Since its introduction late last year, the Rolls-Royce Spectre has made quite some wafting ripples in the luxury EV landscape. Enough, in fact, for Robb Report editors to have named it the Best of the Best Electric Vehicle for 2024. Its substantial presence and performance make it an obvious choice, with the latter every bit the equal of that found in any of Goodwood’s V-12-engined cars.

What makes the Spectre a standout among other zero-emissions models is its very EV-ness as it embodies the Rolls-Royce ethos of silent comportment and refined luxury, something to which even the most muffled V-12 can never match. (It’s to be noted that the original 2004 Phantom did not have visible exhaust tailpipes, so discreet and elegant was its design.) Rolls-Royce automobiles, though, have never been shrinking violets.

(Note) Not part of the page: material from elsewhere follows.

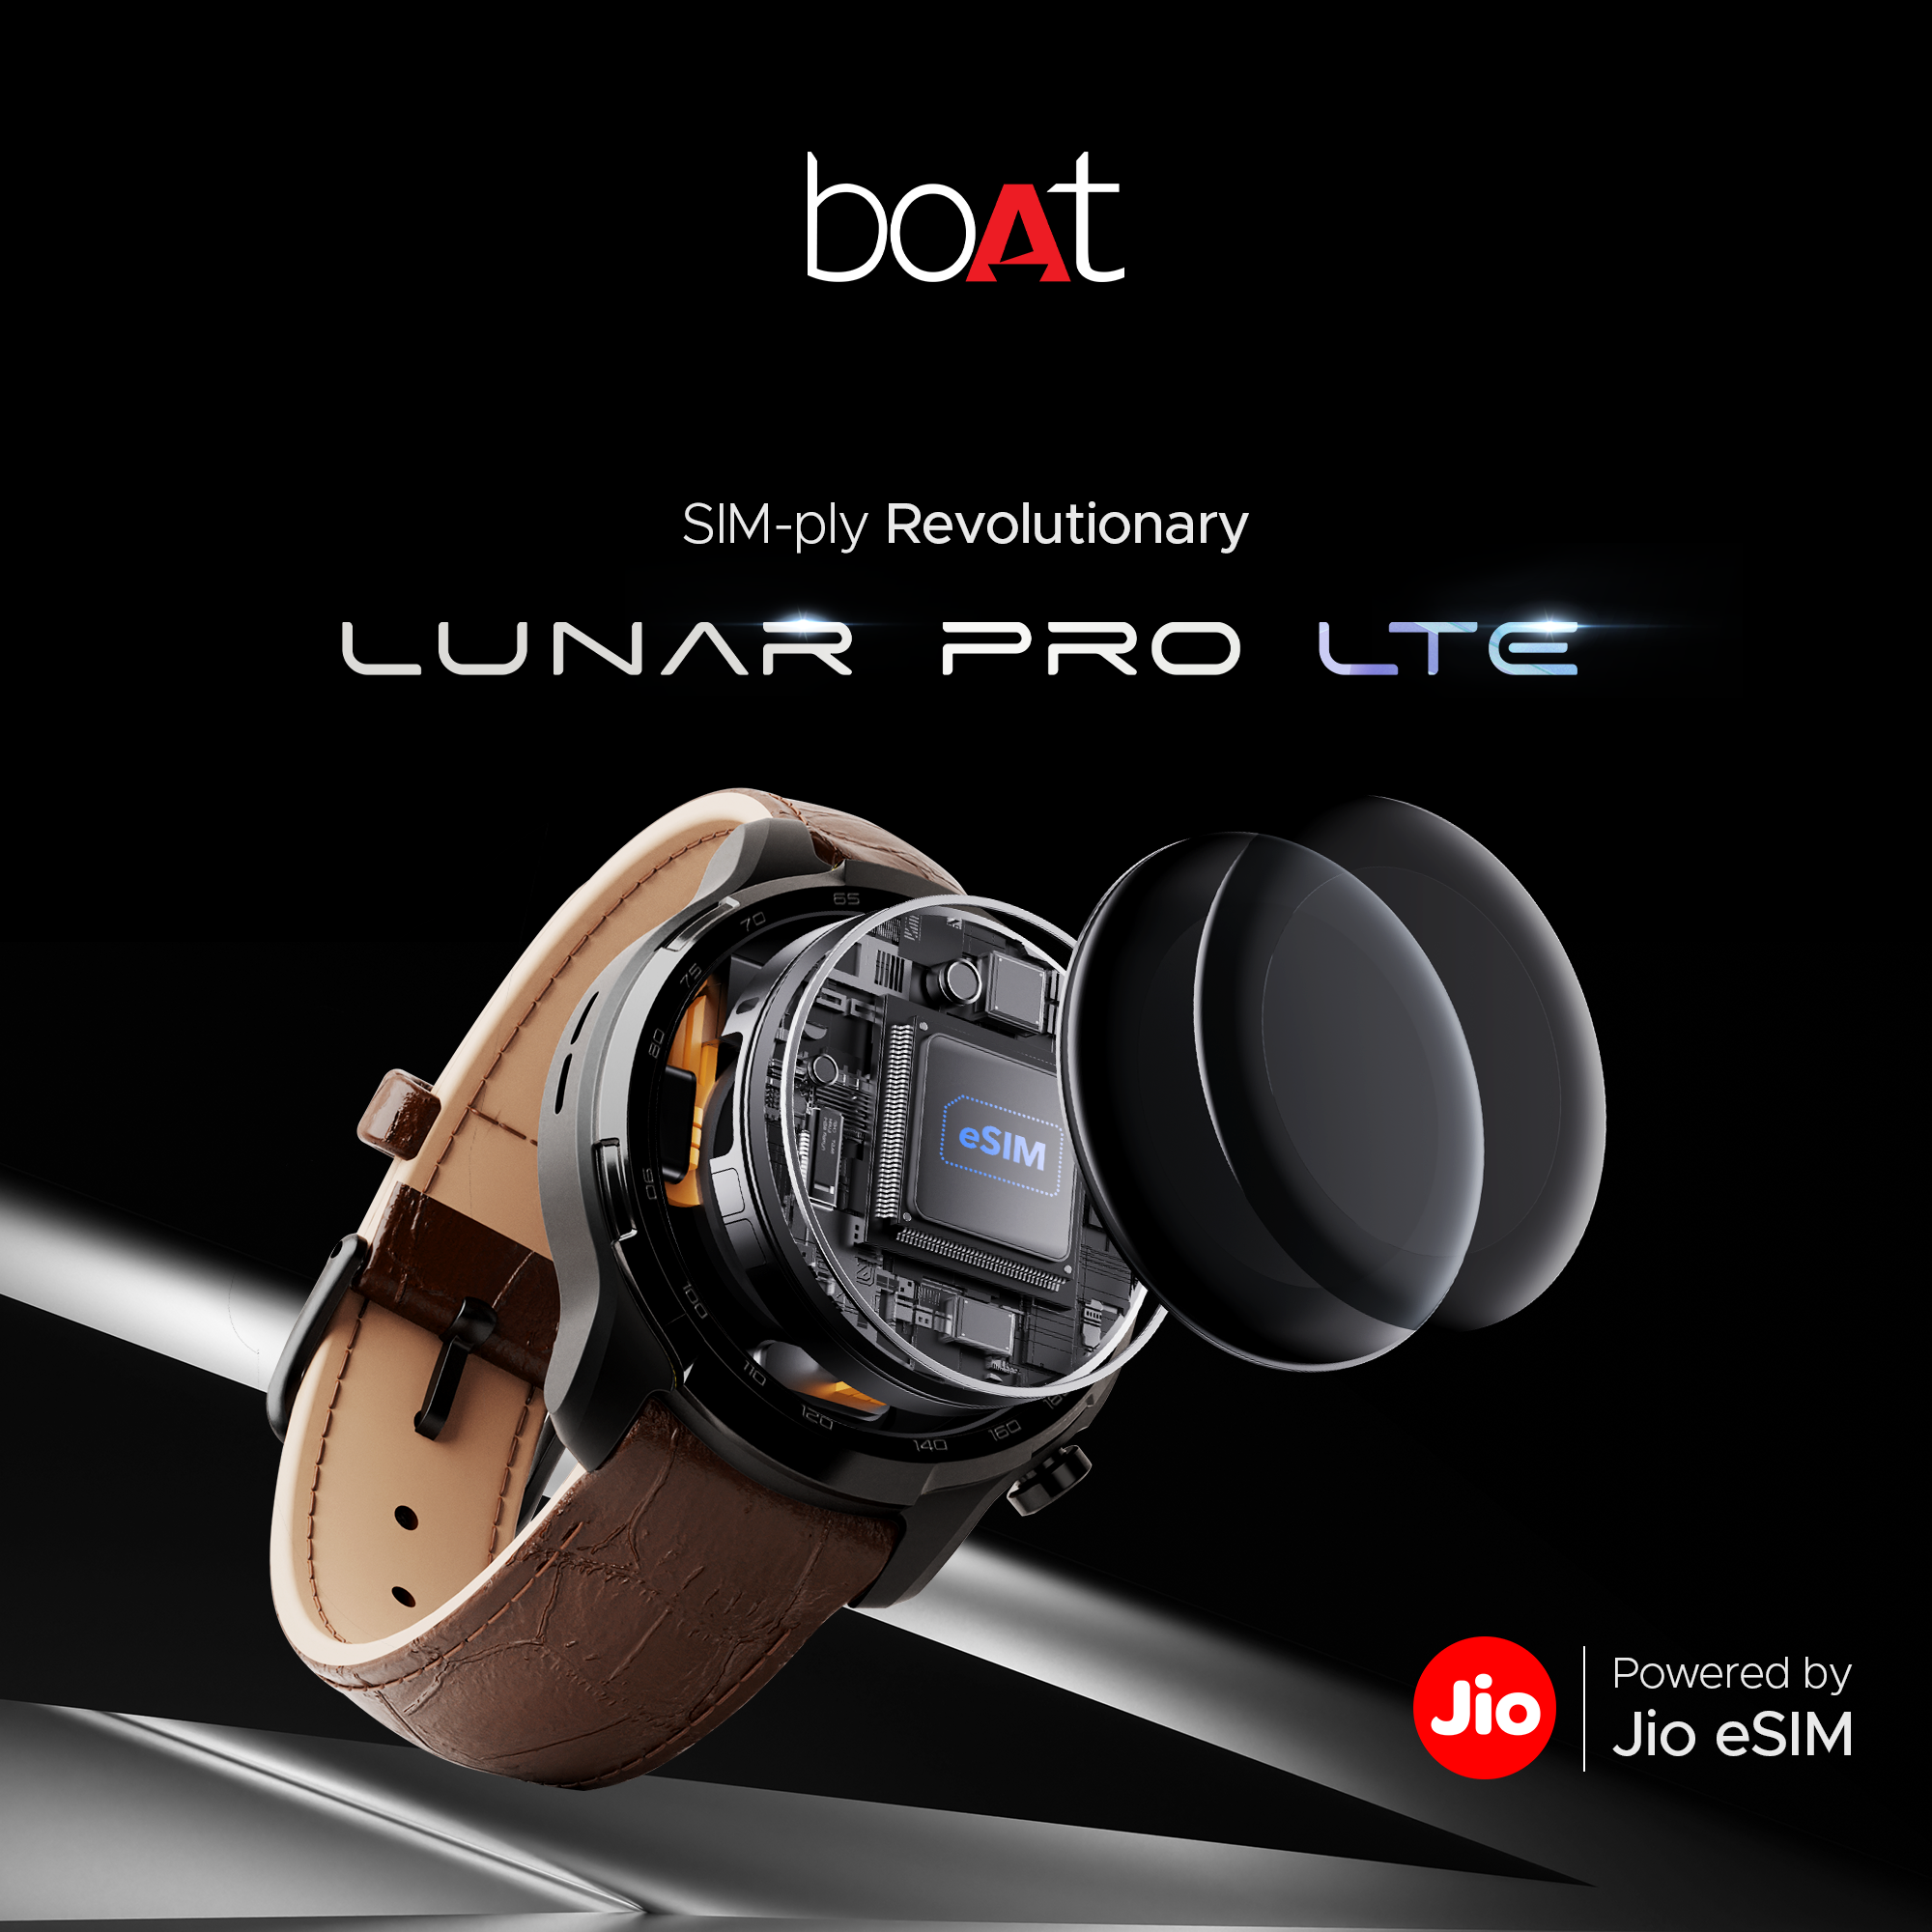 boAt Lunar Pro LTE: Key Specifications

The automaker has been amenable to bespoke commissions from the very beginning, some of which have been remarkable in the extreme. Today, the latest one-off Rolls-Royce is the Spectre Semaphore, which pushes the creative envelope far afield. This unique Spectre features one-of-a-kind artwork on the bonnet (Brit-speak for a car’s hood), which is, according to Rolls-Royce, “a dramatic ‘Marbled Paint Spill’ requiring 160 hours of development by Rolls-Royce craftspeople, who applied silver lacquer and multiple layers of clearcoat for a seamless finish.

” To us, it recalls paintings by Morris Lewis or Paul Jenkins, whose poured color fields expressed lyrical abstra.